Bizim bir dünyamız var mı? Kendi dünyamızda mı yaşıyoruz yoksa başkalarının dünyasında oraya buraya sürüklenmekten başka bir şey yapamıyor muyuz?
İnsan, kelimelerle konuşur, kavramlarla düşünür, ruh’la tarih yapar.
Dünyası olan, kendi dünyalarında yaşayan toplumların, yeni dünyalar kurmalarını sağlayan, yeni durumları anlamalarına ve yorumlamalarına imkân tanıyan güçlü, köklü ve yaşayan kavramları vardır: Yaşayan ve yaşatan… Yarattıkça ruh sunan…
Biz kendi dünyamızda yaşamadığımız, gökkubbemiz çöktüğü için, hem bize ait kavramlarımız yok hem de kavram kargaşası tavan yapmış, zihnimiz çağdaş hurafeler çöplüğüne dönüşmüş durumda.
TÜRKİYE’DE ENTELEKTÜEL YOKTUR, “LİTERATİ” VARDIR!
O yüzden Türkiye’de kavramları yerli yerinde kullanabilen “aydın” sayısı parmakla gösterilecek kadar azdır! Azdır çünkü Türkiye’de entelektüel (= eleştirel melekleri gelişkin kişi) anlamında “aydın” yoktur.
Ne vardır peki? Mebzul miktarda “literati” vardır yalnızca. Okumuş yazmışlar yani. Düşünme melekeleri dumura uğrayan, okuduklarını anlamakta ve yorumlamakta zorlanan, sadece papağan gibi, -üstelik de berbat bir şekilde!- taklit eden karikatür tipler!
O yüzden her şeyi dışarıdan ithal olduğu için, kendisine gelene kadar epey değişim, dönüşüm geçirir her şey, kavramların içi iyice boşalır, paçavraya döner bütün kavramlar kaçınılmaz olarak.
Sözgelişi modernite ile modernizm kavramlarını aynı anlamda kullanır Türk literatisi hiç düşünmeden.
Modernizm’in modernite’ye bir başkaldırı olduğunu bilmez. Modernitenin vaatlerini gerçekleştirememesine karşı -elbette ki modern’in içinde/n başlatılan- bir başkaldırı hareketi olduğundan bîhaberdir! O yüzden “modernizm ve din” diye başlar atıp tutmaya…
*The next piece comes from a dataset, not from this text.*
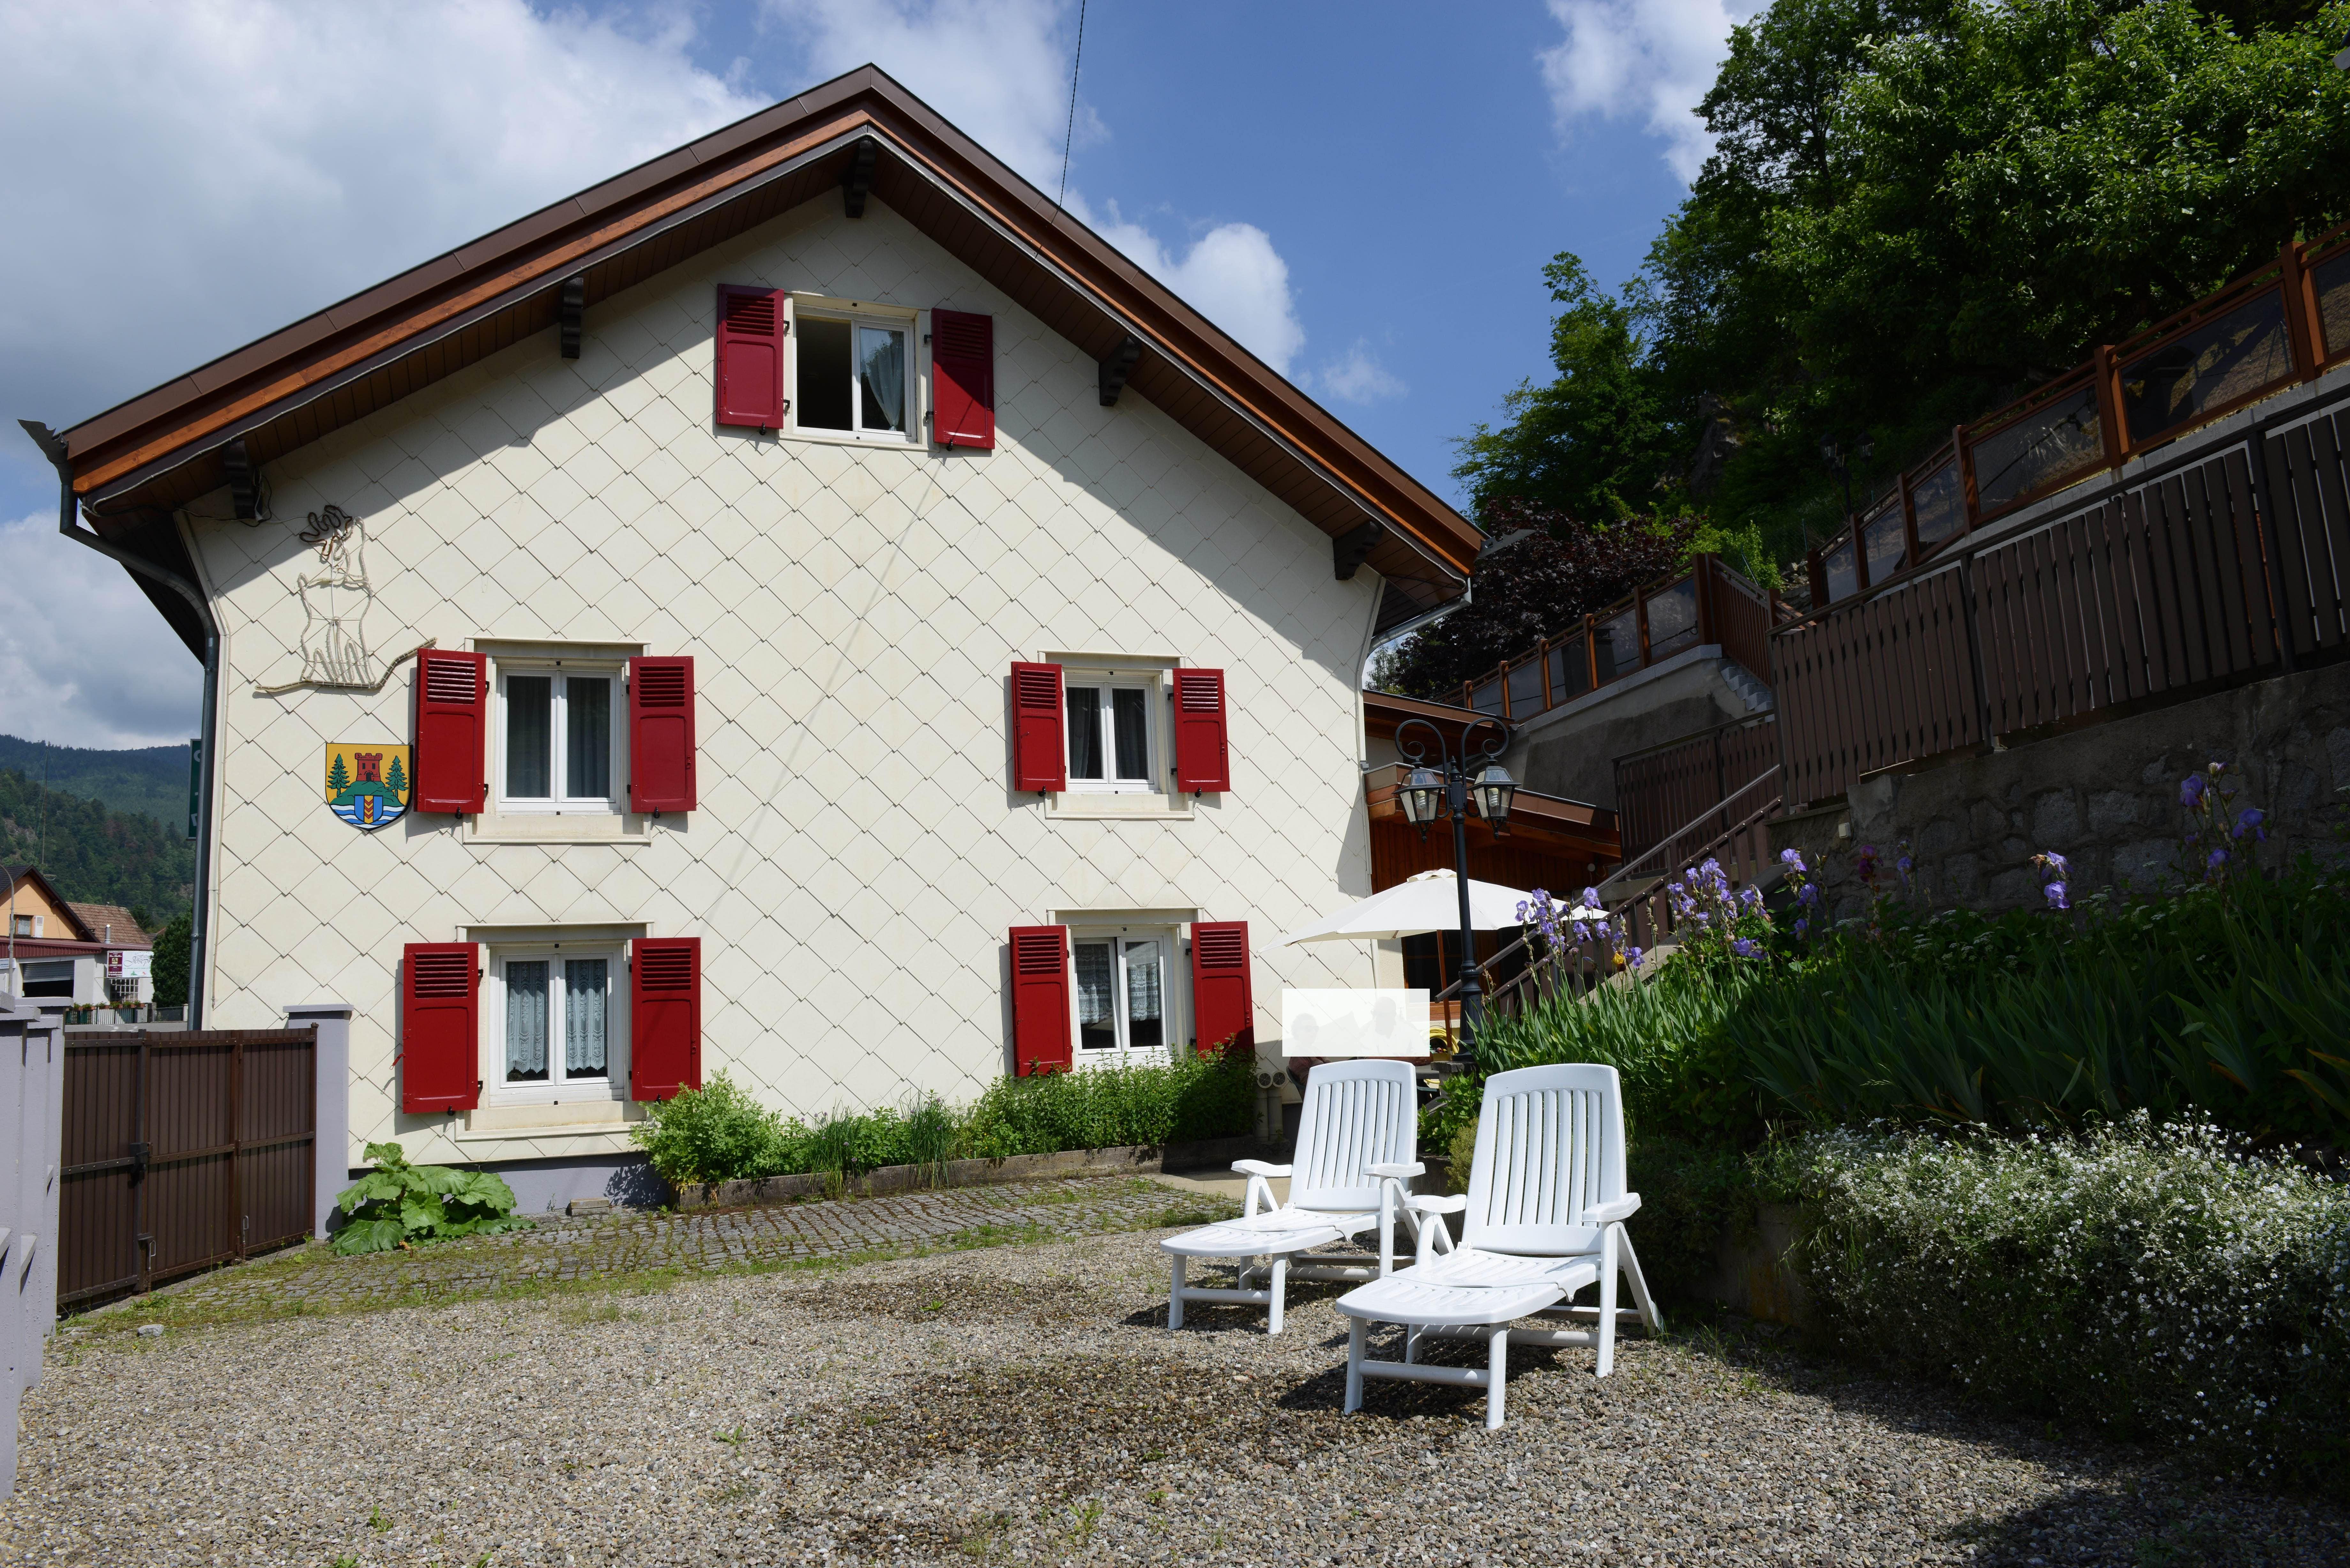 Vente Gîte, Chambres d'hôtes, 260 m2 à Kruth dans une zone touristique (68820)

Bütün kesimlerde görülen ama özellikle muhafazakâr İslâmî kesimlerde gözlenen literati örneğidir bu.
LAİKLİĞİ DİN KATINA YÜKSELTMEK!
Yine bu yüzden genellikle seküler dünya görüşünü benimseyen ortalama Türk literatisinin gözünde bütün dinler, hayatın bir bölmesine aittir, din hayata müdahale etmeyen, aslâ edemeyecek olan bireysel bir inanç meselesidir. Üçüncü sınıf bir seküler / oryantalist kafa var karşımızda burada.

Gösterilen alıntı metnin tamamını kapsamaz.